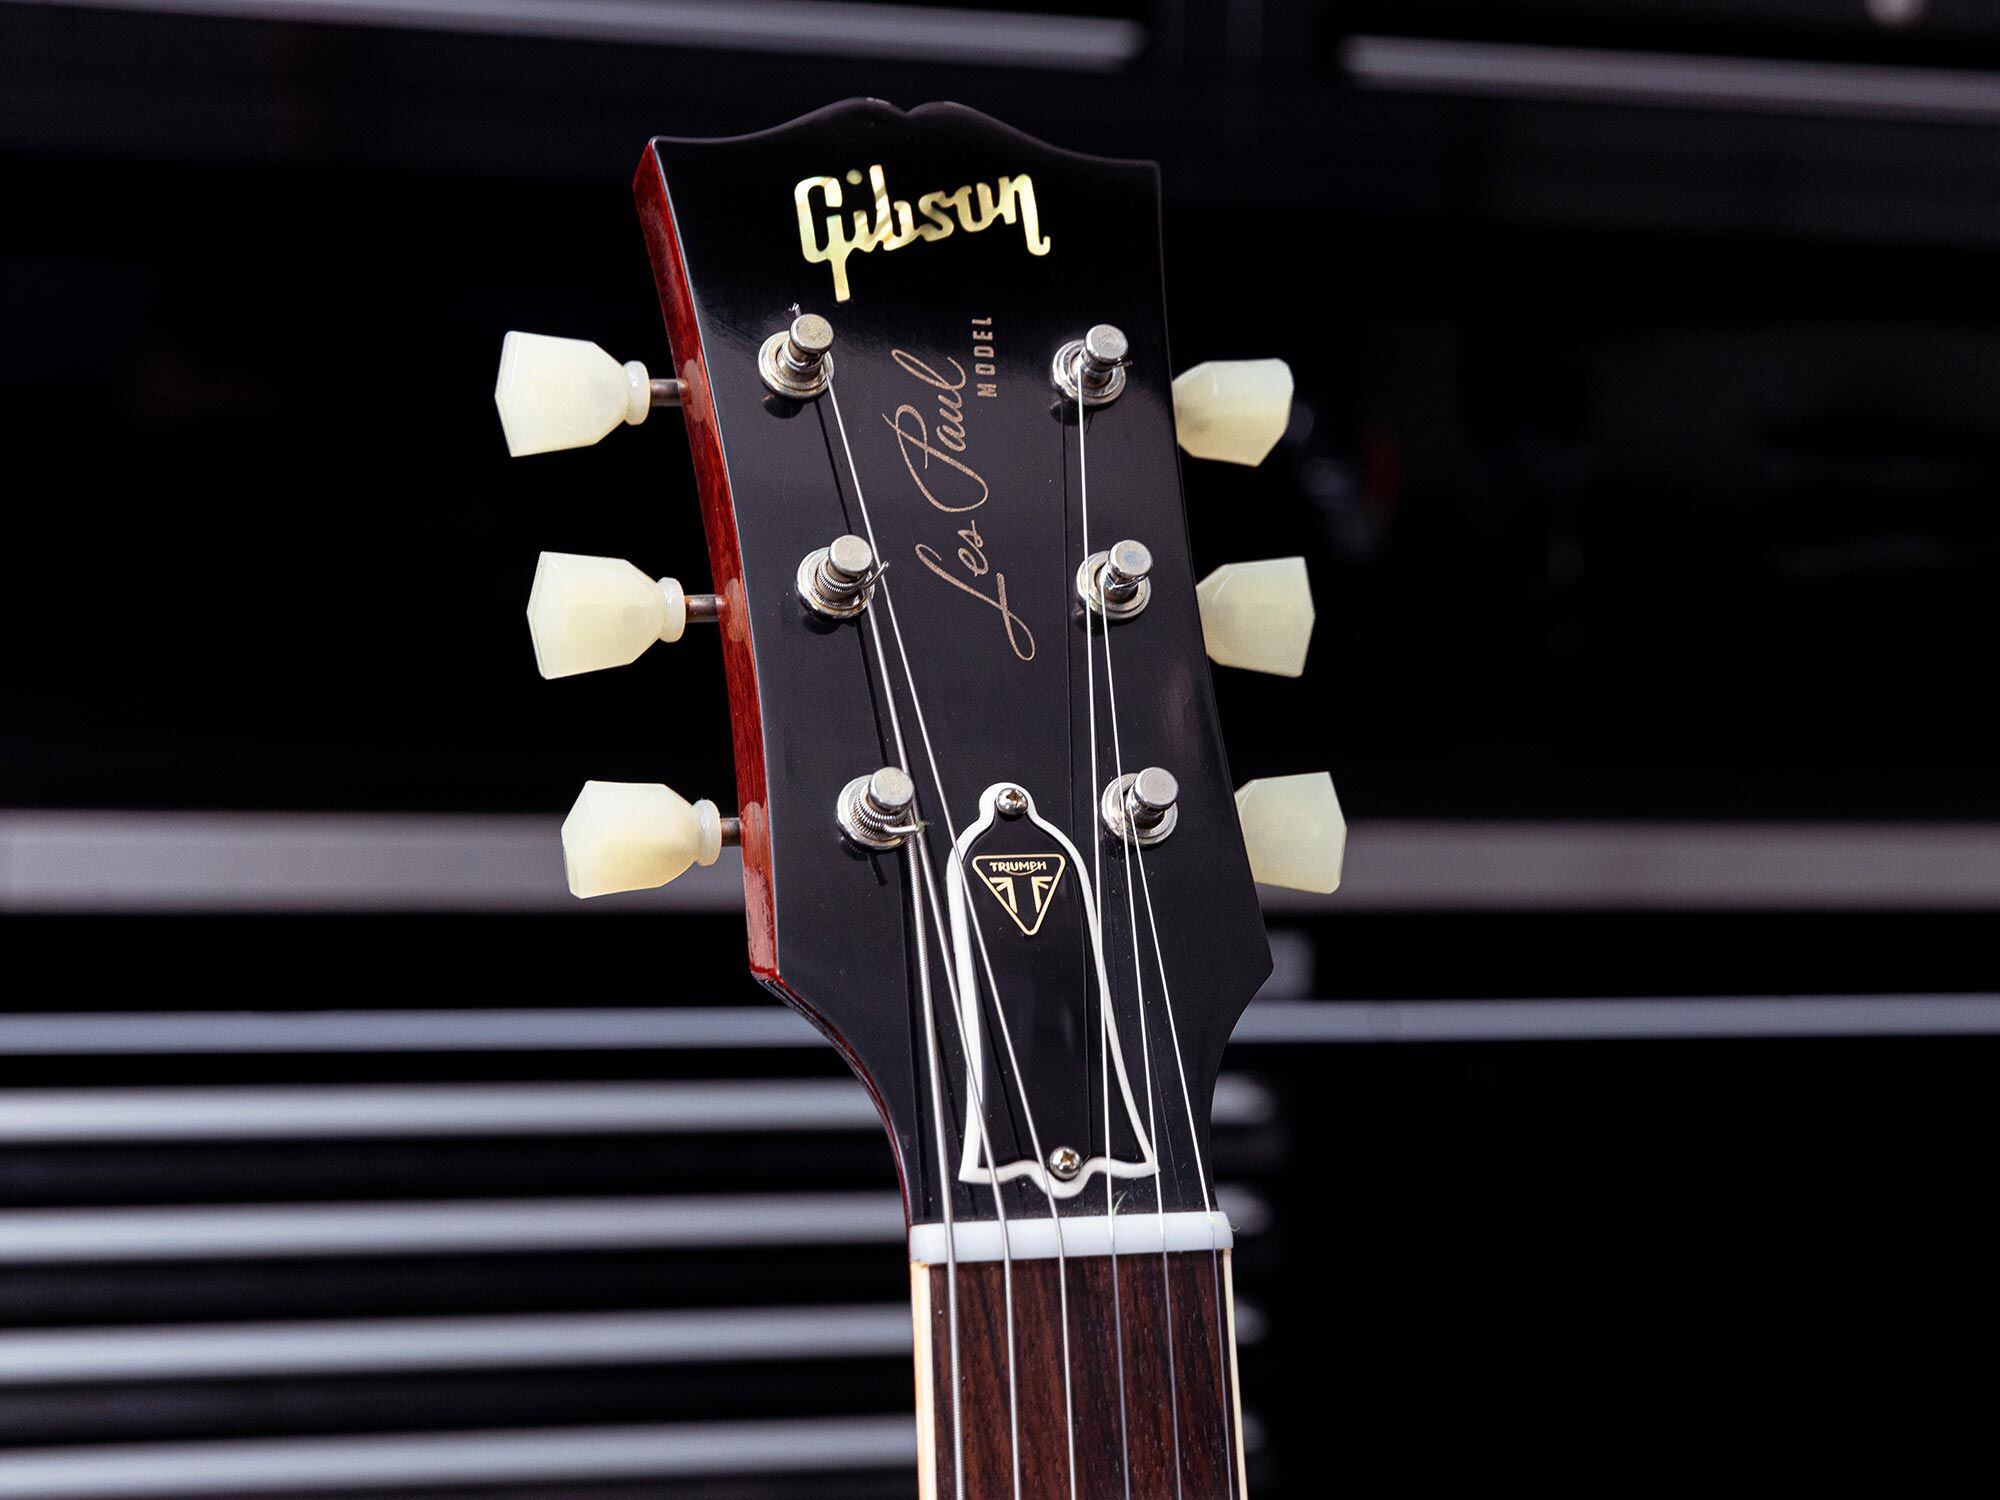 It’s not often you see Triumph badging on a Gibson Les Paul.
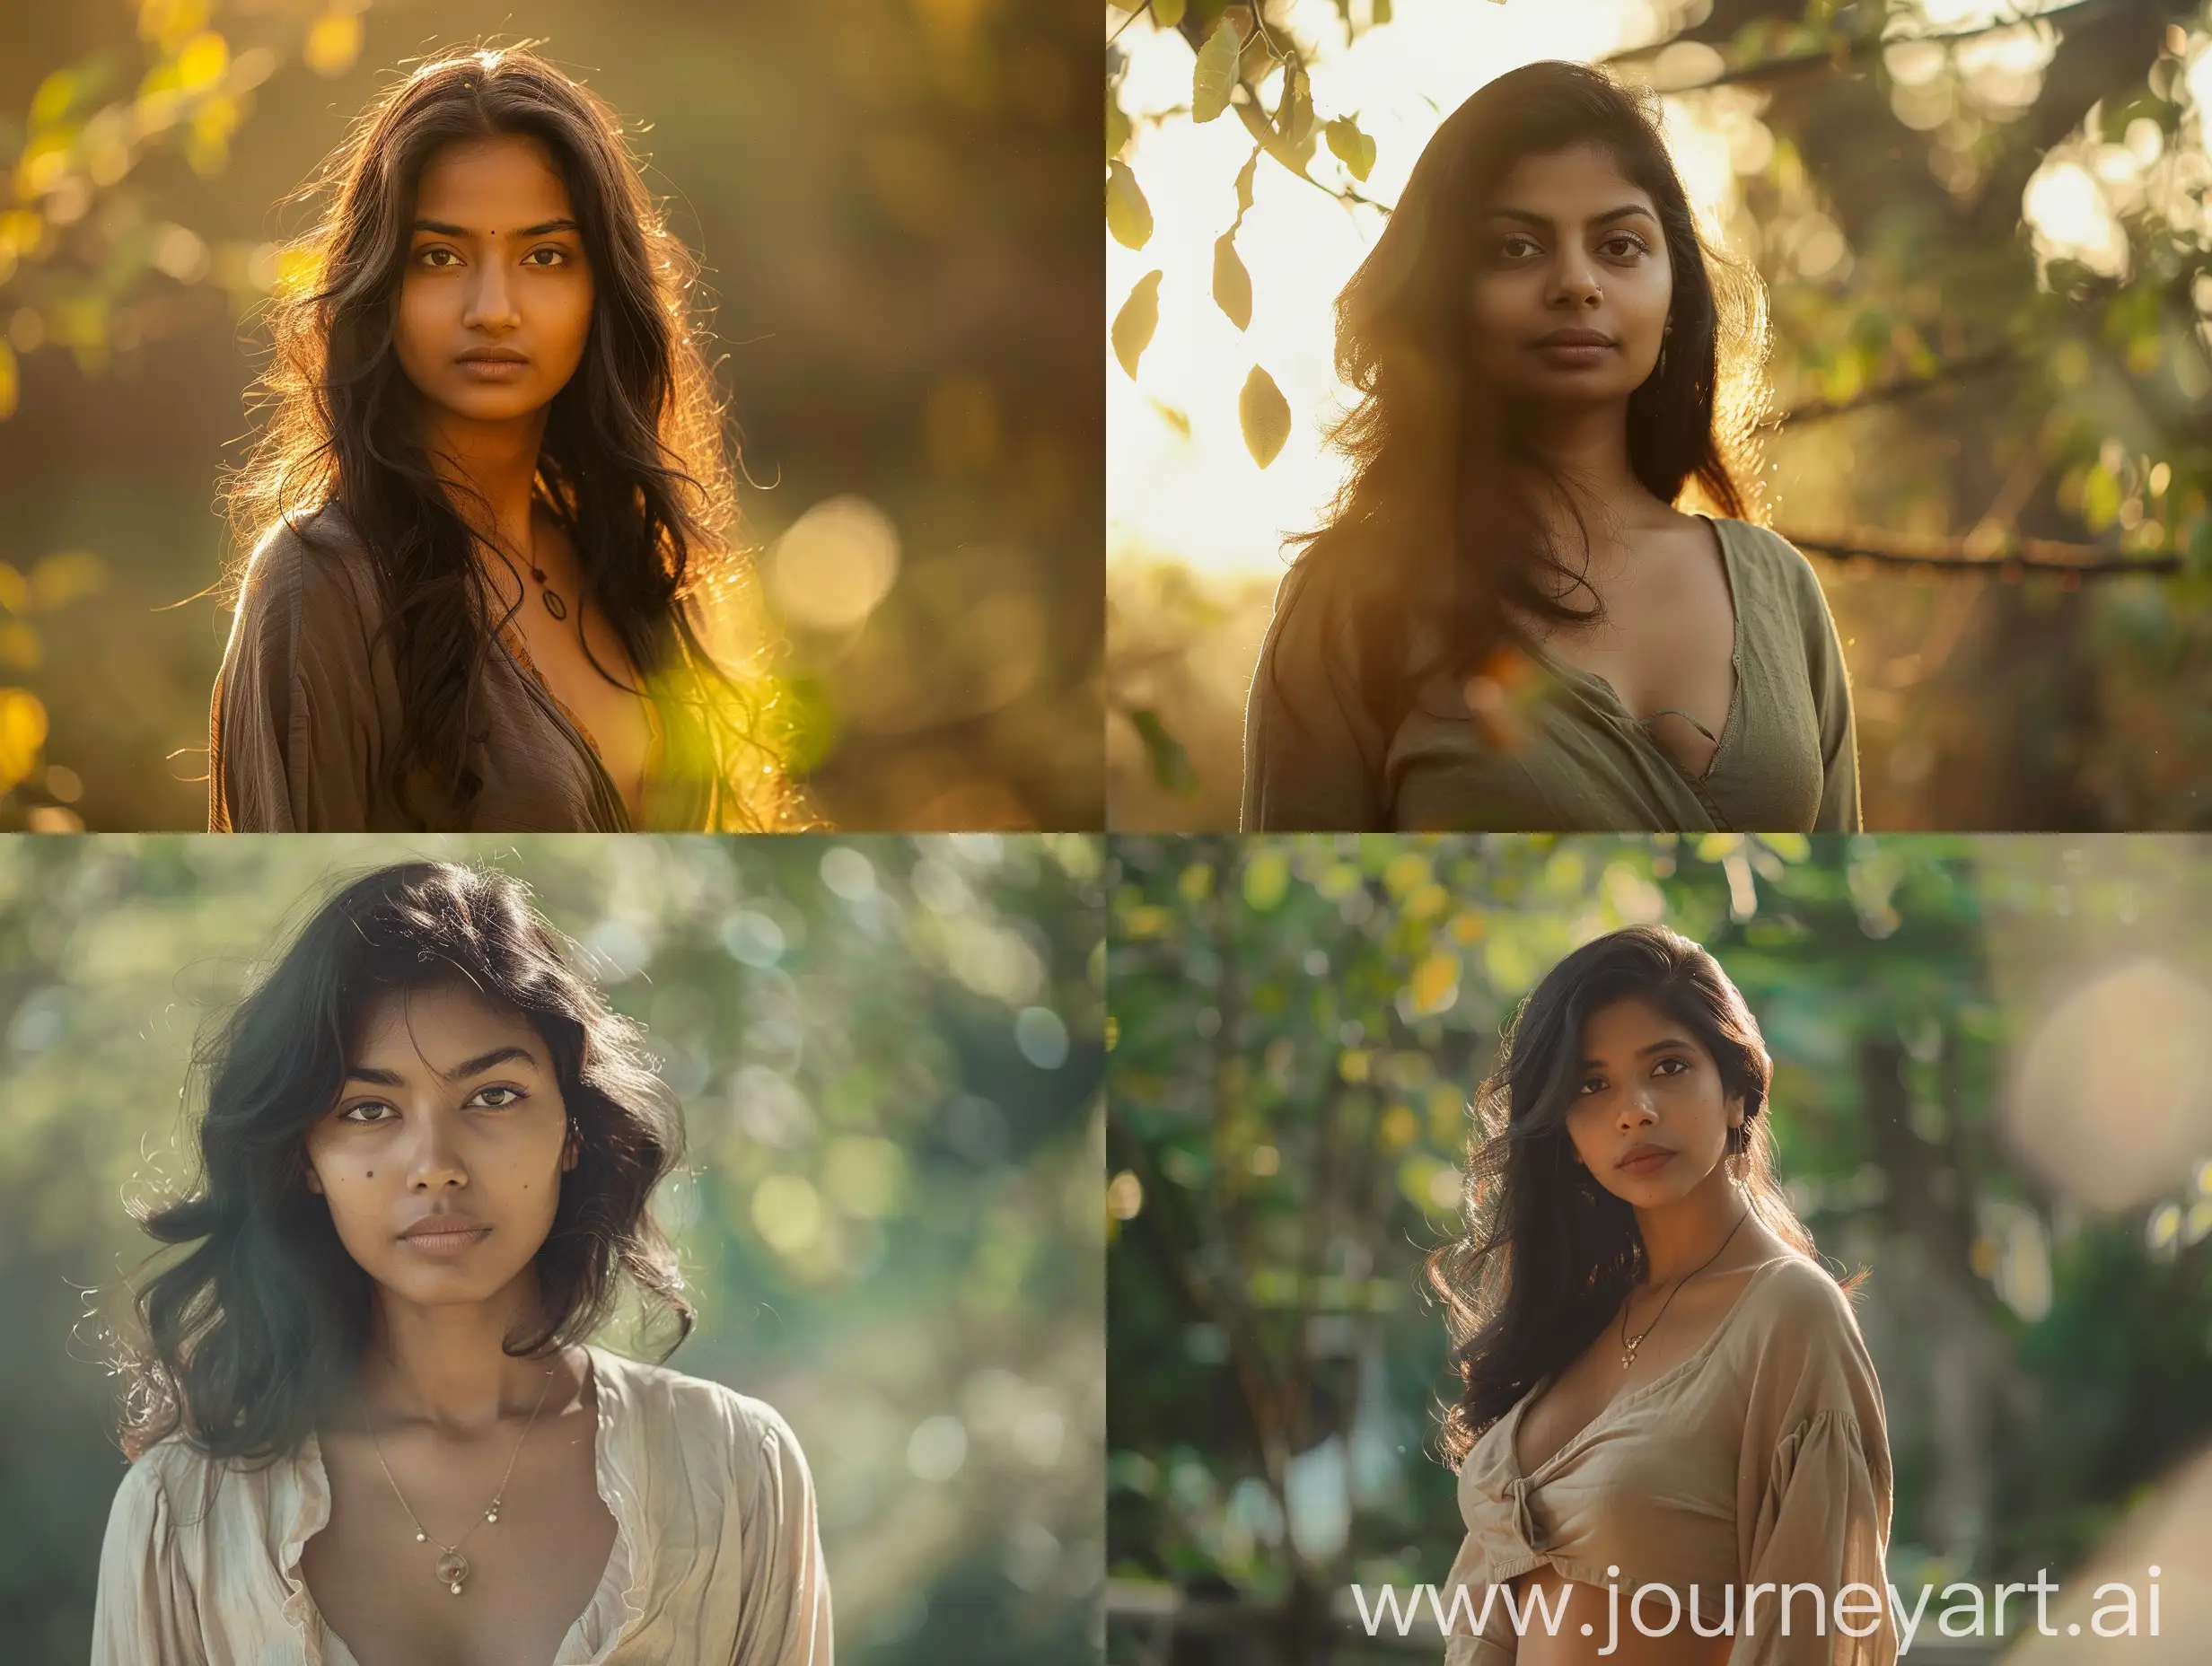 Graceful-Indian-Woman-in-Earthy-Tones-and-Subtle-Warmth
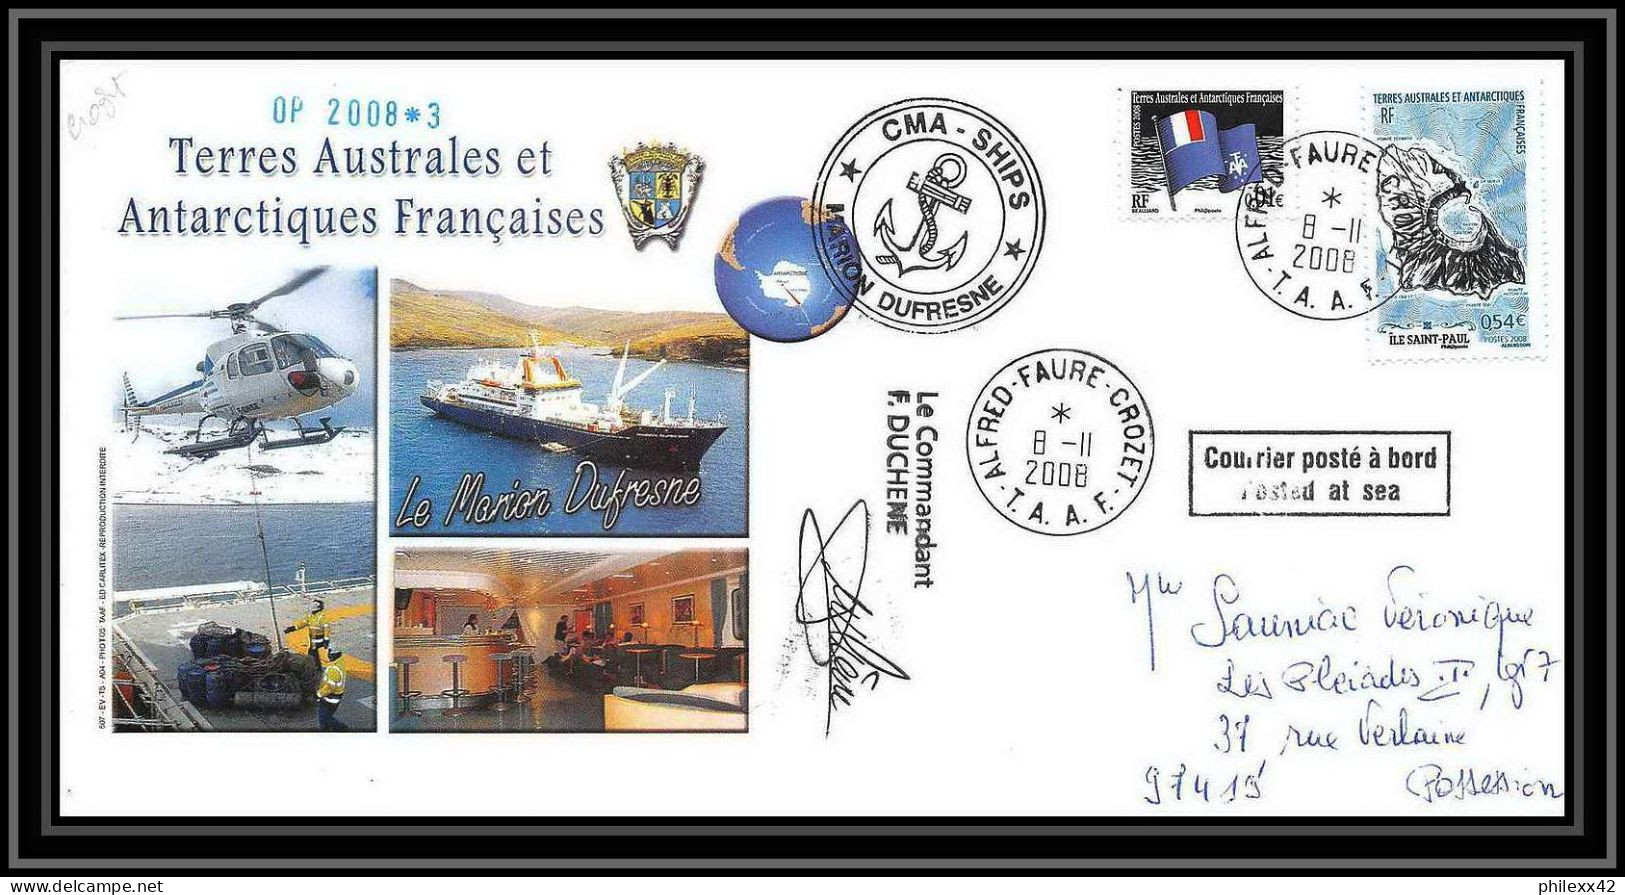 2845 ANTARCTIC Terres Australes TAAF Helilagon Lettre Cover Dufresne Signé Signed Op 2008/3 Crozet 8/11/2008 N°506 - Helicópteros

*WORK REQUIRED*
Word for word, retype all of the data above, but include no pictures.

*OUTPUT FOR THIS EXERCISE*
 It’s not often you see Triumph badging on a Gibson Les Paul.
 Graceful-Indian-Woman-in-Earthy-Tones-and-Subtle-Warmth
 2845 ANTARCTIC Terres Australes TAAF Helilagon Lettre Cover Dufresne Signé Signed Op 2008/3 Crozet 8/11/2008 N°506 - Helicópteros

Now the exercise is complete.